*ABOUT THIS EXERCISE:*
Using the data beneath this instruction, retype only the lines from the one that contains "Rendering of a" down to the one that contains "Eagle Craft manufactures", both included, exactly as they appear.

*EXTRACTED MATERIAL:*
= Beginning of Section =

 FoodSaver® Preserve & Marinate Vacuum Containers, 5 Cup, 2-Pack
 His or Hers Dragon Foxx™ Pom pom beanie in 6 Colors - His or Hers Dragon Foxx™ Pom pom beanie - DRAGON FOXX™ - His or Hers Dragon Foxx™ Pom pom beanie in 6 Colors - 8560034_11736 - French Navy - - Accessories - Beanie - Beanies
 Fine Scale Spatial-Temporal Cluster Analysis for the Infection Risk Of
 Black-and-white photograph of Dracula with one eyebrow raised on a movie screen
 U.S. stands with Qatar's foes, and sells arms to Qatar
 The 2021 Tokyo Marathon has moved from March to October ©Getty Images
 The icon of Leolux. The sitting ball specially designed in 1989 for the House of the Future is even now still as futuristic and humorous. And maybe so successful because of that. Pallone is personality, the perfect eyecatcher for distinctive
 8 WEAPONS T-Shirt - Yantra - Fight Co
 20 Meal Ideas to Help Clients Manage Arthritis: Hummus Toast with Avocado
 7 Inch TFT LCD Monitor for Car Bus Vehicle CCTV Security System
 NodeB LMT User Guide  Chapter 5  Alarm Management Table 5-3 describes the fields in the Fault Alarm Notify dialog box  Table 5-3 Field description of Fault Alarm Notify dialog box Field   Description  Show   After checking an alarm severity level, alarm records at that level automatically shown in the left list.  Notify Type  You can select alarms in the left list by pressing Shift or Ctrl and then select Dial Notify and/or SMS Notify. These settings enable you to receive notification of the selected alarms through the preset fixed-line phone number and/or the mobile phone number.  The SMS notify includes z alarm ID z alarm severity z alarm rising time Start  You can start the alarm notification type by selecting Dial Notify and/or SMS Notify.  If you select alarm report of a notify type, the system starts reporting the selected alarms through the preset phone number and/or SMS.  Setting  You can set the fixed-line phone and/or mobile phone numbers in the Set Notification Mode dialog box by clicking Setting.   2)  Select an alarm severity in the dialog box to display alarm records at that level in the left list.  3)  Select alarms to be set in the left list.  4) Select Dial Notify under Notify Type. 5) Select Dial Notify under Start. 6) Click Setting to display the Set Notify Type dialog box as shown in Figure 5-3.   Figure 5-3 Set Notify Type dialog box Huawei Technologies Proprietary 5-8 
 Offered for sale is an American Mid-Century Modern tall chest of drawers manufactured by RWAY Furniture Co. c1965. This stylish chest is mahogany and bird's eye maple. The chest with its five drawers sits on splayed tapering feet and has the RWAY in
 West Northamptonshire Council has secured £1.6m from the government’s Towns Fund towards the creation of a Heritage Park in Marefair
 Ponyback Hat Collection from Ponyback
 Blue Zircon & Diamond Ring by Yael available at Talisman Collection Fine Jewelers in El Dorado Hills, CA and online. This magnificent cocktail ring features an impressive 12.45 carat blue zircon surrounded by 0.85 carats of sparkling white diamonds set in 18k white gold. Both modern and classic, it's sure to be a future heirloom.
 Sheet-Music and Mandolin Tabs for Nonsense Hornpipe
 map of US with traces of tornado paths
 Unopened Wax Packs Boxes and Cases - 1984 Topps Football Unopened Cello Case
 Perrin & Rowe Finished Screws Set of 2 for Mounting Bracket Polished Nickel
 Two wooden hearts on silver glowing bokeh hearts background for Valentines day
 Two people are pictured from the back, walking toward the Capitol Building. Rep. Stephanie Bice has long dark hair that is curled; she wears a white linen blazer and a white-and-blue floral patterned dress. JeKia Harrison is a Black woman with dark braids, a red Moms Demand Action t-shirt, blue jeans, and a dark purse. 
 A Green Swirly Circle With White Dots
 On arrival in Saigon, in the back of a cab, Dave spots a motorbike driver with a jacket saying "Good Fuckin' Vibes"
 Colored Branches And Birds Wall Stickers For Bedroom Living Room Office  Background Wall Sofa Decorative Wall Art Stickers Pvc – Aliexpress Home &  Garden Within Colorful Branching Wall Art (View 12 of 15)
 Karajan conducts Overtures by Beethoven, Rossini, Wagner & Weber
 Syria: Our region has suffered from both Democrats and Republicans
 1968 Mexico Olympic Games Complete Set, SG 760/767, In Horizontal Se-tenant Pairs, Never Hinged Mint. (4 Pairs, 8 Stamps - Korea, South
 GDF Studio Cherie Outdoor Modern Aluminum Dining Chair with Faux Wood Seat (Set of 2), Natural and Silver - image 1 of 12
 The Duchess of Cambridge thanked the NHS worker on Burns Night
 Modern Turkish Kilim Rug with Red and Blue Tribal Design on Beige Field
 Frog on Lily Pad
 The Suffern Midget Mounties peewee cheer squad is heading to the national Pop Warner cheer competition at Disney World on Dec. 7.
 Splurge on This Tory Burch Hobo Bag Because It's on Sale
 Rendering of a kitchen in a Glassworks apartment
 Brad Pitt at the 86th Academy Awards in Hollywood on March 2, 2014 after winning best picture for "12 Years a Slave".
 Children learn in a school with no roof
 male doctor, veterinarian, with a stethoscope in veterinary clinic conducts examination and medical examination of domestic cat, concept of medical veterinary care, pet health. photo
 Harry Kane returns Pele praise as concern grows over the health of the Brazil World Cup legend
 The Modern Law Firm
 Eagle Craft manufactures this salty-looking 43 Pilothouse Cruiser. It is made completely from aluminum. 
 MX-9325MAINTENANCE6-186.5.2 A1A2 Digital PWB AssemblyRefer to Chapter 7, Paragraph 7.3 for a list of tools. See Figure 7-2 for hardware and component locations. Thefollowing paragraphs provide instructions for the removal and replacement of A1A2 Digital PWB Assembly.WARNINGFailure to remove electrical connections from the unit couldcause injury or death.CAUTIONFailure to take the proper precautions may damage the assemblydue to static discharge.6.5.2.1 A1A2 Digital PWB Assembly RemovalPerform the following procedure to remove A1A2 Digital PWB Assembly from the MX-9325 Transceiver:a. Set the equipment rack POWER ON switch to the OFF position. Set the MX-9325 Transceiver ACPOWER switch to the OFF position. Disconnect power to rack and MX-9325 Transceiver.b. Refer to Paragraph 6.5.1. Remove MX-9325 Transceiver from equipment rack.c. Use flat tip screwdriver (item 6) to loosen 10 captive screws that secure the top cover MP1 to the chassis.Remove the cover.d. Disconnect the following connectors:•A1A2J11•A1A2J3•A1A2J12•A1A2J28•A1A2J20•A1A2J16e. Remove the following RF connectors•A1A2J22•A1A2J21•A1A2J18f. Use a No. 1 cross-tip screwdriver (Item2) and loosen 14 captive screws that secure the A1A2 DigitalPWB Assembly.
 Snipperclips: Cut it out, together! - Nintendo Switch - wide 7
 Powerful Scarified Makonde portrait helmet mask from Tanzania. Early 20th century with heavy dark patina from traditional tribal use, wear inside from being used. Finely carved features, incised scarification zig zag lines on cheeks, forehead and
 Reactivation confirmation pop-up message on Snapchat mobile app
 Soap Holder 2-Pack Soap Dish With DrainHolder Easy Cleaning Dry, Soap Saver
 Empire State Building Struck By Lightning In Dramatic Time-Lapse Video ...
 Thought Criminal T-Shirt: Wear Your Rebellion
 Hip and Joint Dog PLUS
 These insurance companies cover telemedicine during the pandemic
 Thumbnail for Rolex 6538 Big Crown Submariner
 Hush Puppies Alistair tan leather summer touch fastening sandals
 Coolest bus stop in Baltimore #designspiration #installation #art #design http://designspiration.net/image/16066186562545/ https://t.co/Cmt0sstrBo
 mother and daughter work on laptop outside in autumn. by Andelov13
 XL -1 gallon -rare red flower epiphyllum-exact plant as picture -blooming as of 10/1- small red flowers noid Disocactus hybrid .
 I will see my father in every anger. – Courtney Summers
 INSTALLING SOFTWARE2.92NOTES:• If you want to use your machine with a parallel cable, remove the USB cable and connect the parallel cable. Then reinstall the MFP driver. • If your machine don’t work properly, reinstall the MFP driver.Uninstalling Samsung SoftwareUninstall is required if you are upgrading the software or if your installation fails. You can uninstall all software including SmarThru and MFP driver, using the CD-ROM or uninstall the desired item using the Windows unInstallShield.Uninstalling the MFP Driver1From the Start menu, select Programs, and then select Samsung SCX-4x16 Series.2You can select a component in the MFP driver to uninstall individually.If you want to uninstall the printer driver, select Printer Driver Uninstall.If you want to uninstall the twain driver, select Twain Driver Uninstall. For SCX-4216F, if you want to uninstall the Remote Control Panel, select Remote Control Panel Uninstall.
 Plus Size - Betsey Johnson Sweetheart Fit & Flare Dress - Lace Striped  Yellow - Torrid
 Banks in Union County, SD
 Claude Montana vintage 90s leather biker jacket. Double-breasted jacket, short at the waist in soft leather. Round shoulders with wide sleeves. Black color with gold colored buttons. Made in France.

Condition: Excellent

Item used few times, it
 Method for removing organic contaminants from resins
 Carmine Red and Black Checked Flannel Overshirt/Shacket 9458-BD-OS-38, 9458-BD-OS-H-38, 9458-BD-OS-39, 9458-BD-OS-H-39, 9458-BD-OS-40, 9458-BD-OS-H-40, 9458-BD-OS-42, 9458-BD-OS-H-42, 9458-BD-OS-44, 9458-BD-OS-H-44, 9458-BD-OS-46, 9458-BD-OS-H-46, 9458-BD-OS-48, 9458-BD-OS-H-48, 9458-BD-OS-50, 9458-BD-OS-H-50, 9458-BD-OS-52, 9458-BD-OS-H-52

= End of Section =

*RESULT:*
 Rendering of a kitchen in a Glassworks apartment
 Brad Pitt at the 86th Academy Awards in Hollywood on March 2, 2014 after winning best picture for "12 Years a Slave".
 Children learn in a school with no roof
 male doctor, veterinarian, with a stethoscope in veterinary clinic conducts examination and medical examination of domestic cat, concept of medical veterinary care, pet health. photo
 Harry Kane returns Pele praise as concern grows over the health of the Brazil World Cup legend
 The Modern Law Firm
 Eagle Craft manufactures this salty-looking 43 Pilothouse Cruiser. It is made completely from aluminum. 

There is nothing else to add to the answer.